REQUIRED WORK:
Would you please copy only the lines from the line that contains "Kingston Brass Concord" to the end of the data below, exactly, leaving every picture out?

SUPPLIED MATERIAL:

# # # #

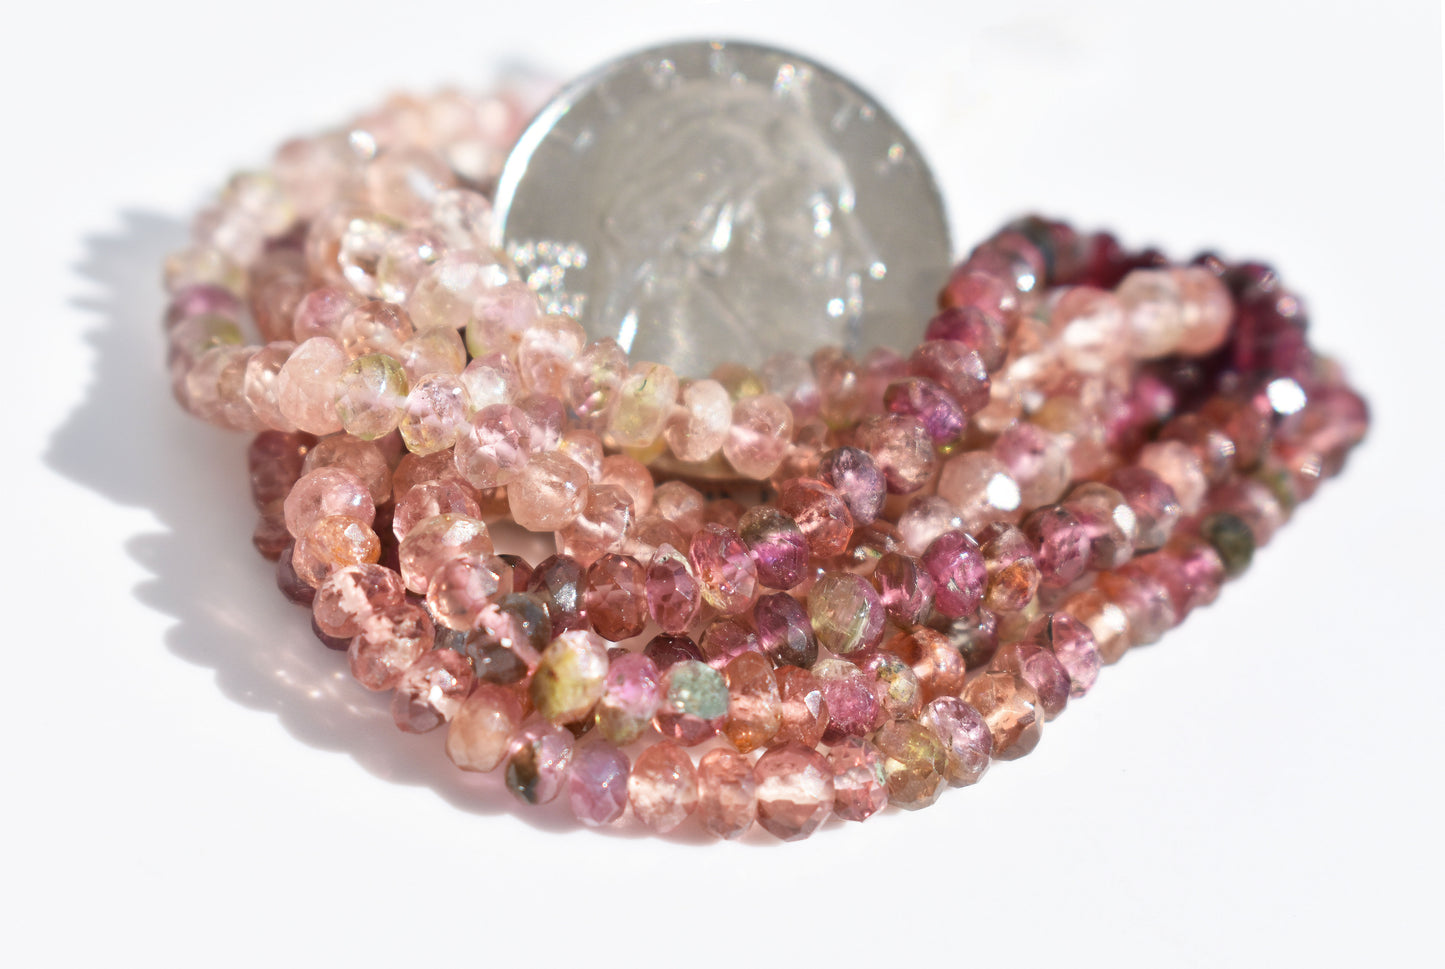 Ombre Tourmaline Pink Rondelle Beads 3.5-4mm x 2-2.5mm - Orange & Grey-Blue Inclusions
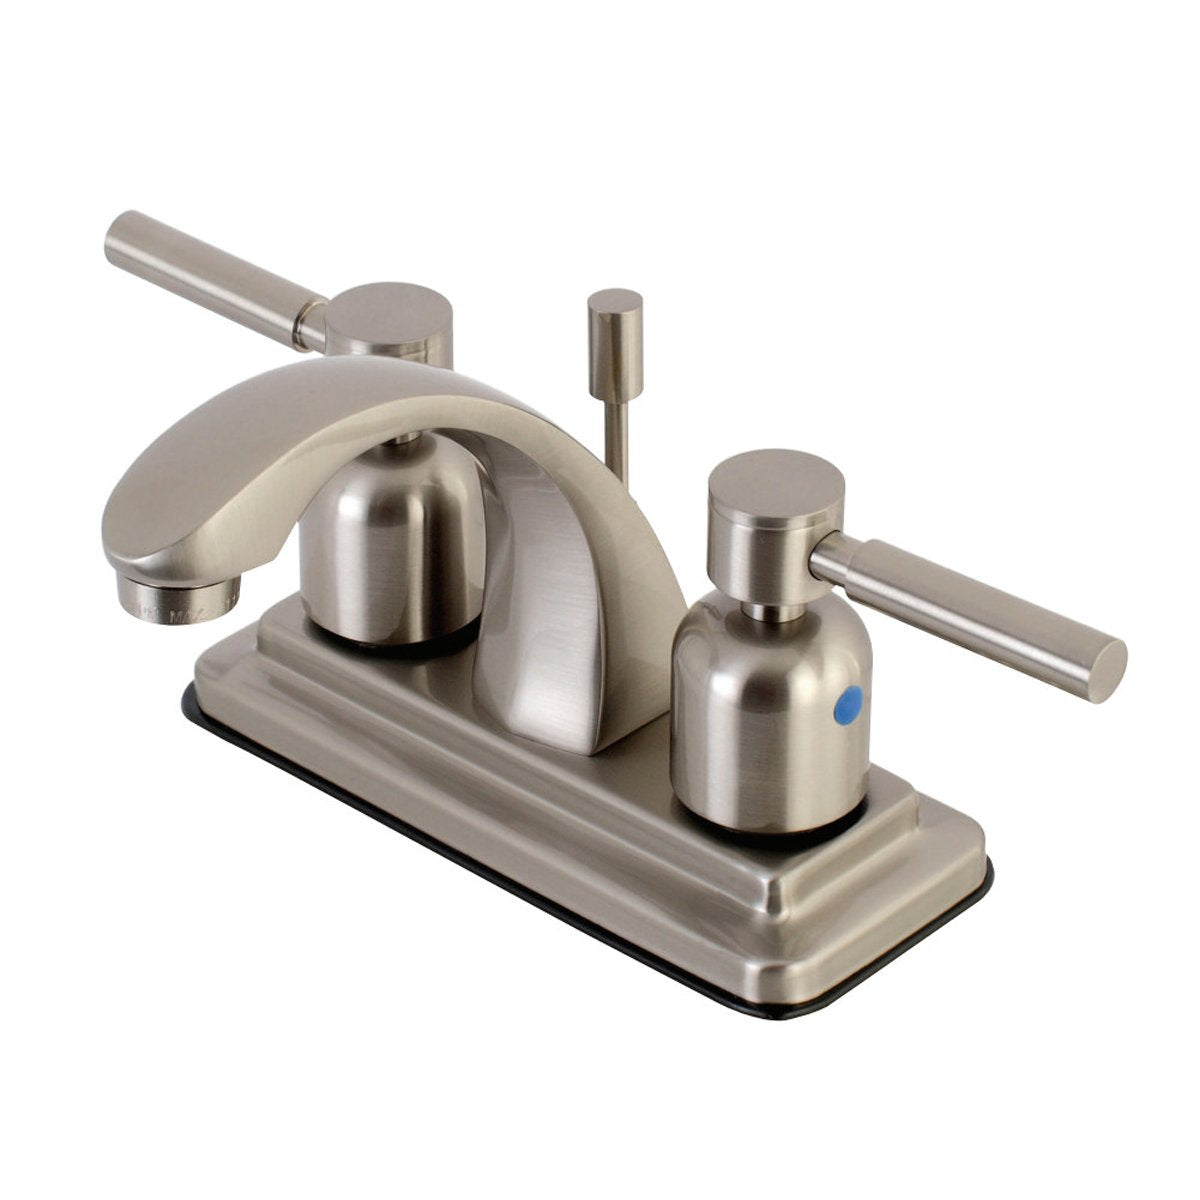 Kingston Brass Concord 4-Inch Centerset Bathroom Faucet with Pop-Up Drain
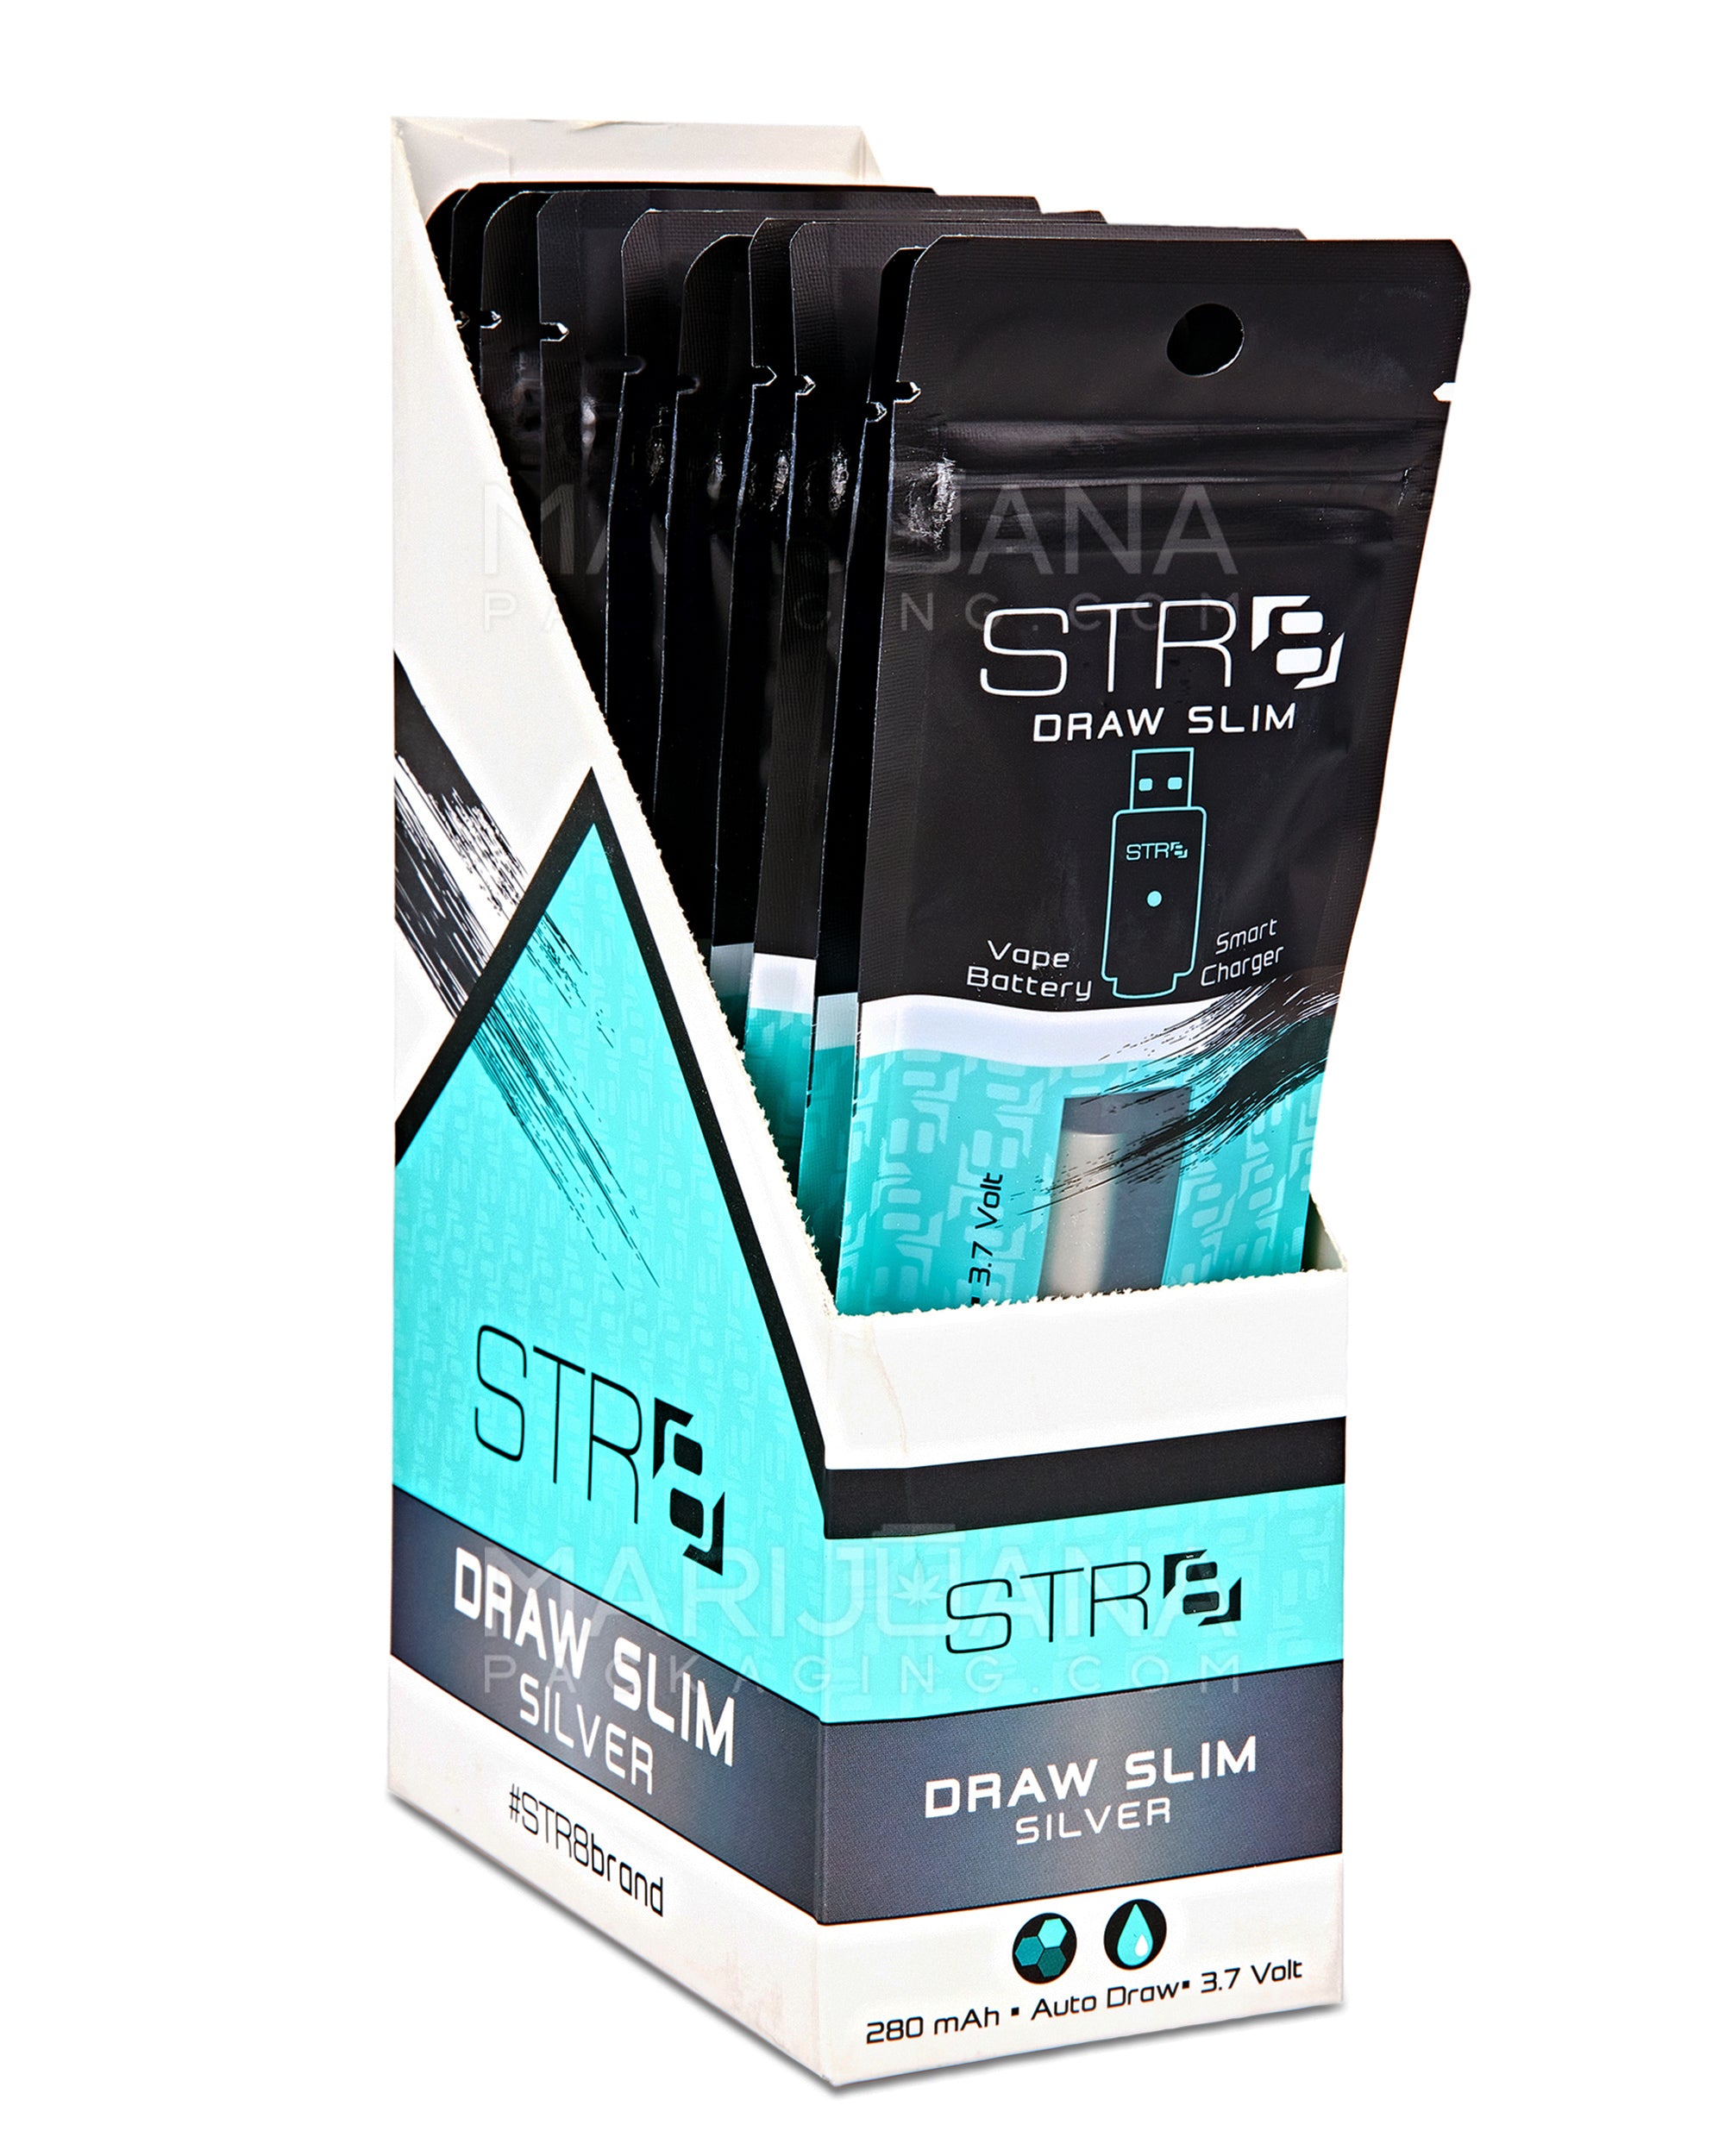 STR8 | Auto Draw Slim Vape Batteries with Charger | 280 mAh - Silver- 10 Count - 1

# # # #

ANSWER TO THIS EXERCISE:
 Kingston Brass Concord 4-Inch Centerset Bathroom Faucet with Pop-Up Drain
 STR8 | Auto Draw Slim Vape Batteries with Charger | 280 mAh - Silver- 10 Count - 1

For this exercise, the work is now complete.